Es un punto, una mancha emborronada, deforme e indistinta, ávida de deseo. Hambrienta, Sofía está anclada a él. Piernas firmes, fornidas alrededor de su cintura, en tensión. Eléctrica, muda de pasión, mueve las manos, arriba y abajo. Cabello, cuello, hombros. Toca sin sentir, ni definir. Bajo sus palmas, la tez tatuada, cálida, tostada reacciona; piel de gallina. Enreda los dedos en sus rizos oscuros, deshechos y, sin cuidado, ni mimo, tira. Presa del intenso placer, vuelve a tirar del pelo. Gime, ruge. Expresa el anhelo a trompicones e incoherente, ahogada respira, irregular. Bocanadas grandes e imprecisas, al borde del desmayo. Dubitativo, Damiano rompe el contacto. Jadea, sin voz y, descuidado, él agarra su barbilla. La contempla duro, primitivo y, en sus pupilas, el rostro arrebolado, lee la sed, el hambre, el frío.
-Necesito besarte -expresa, asfixiada.
Sus labios hinchados, enrojecidos palpitan por la anticipación. Con los dientes, los machaca, incapaz de resistirse. Sobre su clavícula, las manos de ella tiemblan.
-Y yo follarte -reconoce.
La voz emerge de su pecho extraña, gutural e impropia, ronca de pasión. Contiene la columna, el torso de Sofía contra la pared fría, lisa e impoluta del Hotel di Verona, tan gótico y tan sombrío. Respira, agitado. Clava sus pupilas en las de ella.
-¿Piensas quedarte ahí, así? -Lo reta. Su pecho vuelve a subir y bajar, desesperado. Hiperventila de anticipación. -Es agradable que me folles con la mirada, pero preferiría algo más físico.

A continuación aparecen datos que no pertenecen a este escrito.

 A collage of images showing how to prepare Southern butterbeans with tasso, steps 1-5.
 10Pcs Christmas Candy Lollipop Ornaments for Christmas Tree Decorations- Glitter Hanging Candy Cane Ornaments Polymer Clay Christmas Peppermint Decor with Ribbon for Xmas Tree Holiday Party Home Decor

Y ni se reconoce. Soez, descarada e intransigente, exigente, dura. Contra la pared, arde y, también, bajo la mirada inquisitiva, explícita de él, se humedece. Incluso, teme por sí, por ambos, pero sus dudas, el miedo se ven rotos por un beso, seguido de otro, otro y otro. Bebe de ella, ávido. Recorre la boca, el paladar, la lengua y, sobre esta, luchan. Pelean por el poder, empujan, cosquillean y, de la entrada, la lleva al baño. Rompe el contacto.
-No, no, por favor -suplica, al borde de las lágrimas. -No dejes que se acabe.
-Jamás -niega, la refuerza. Da la espalda a Sofía para poner el tapón a la bañera, abrir el grifo y regular la temperatura. -Pero cumplo mis promesas.
-¿Promesas? -Inquiere. Recibe un beso casto, puro de él sobre la punta de la nariz. -¿Qué promesa?
«Primero, iríamos al cuarto de baño. Abriría el grifo, pondría el tapón a la bañera y dejaría el agua caliente caer mientras te quito la ropa, poco a poco».
Sin respuesta.
Sólo besos, besos por doquier, por su piel, sus huesos, los músculos. Con los labios, el dibuja el trazo de su rostro: pómulos, mandíbula, frente. También, las cejas, su barbilla o el entrecejo dubitativo. Desciende por su cuello, valiente. Rebusca entre venas, lunares o nervios su debilidad, ese punto de placer delirante hasta encontrarlo. Un escalofrío brusco, violento, junto a un jadeo lo obliga a sujetarla. Nota el temblor deshecho, descompuesto de ella bajo su presencia y, sin romper el contacto, desabrocha el pantalón.
-Es un body -le advierte, sin abrir siquiera los ojos. -Tienes que quitar la ropa.
«Segundo, te desnudaría por completo. Imagino que las vistas serán inigualables».
Obra al tiempo que habla. Descalza, desnuda su cuerpo hasta quedar en ropa interior y, de nuevo, se abalanza sobre él, sin darle tiempo a procesar su imagen. De baja estatura, gorda, llena de curvas y tinta, con la piel irregular, repleta de manchas, lunares u otros, obliga a Damiano a olvidarla. Porque masajea, toca y provoca, no poco sutil. Con la punta de los dedos y uno por uno, desdibuja el trazado irregular, variopinto de sus tatuajes. Una danza lenta, coqueta, sexual que precipita su cordura al vacío. Es él quien toma asiento, débil. Cierra los ojos, aturdido y, en vez de sentir sus labios, las manos por todas partes, oye que el agua deja de correr. Ladea la cabeza, alterado y la contempla. De espaldas, agachada y, de repente, la tela le aprieta, mucho. Torpe, a trompicones, se deshace de su ropa.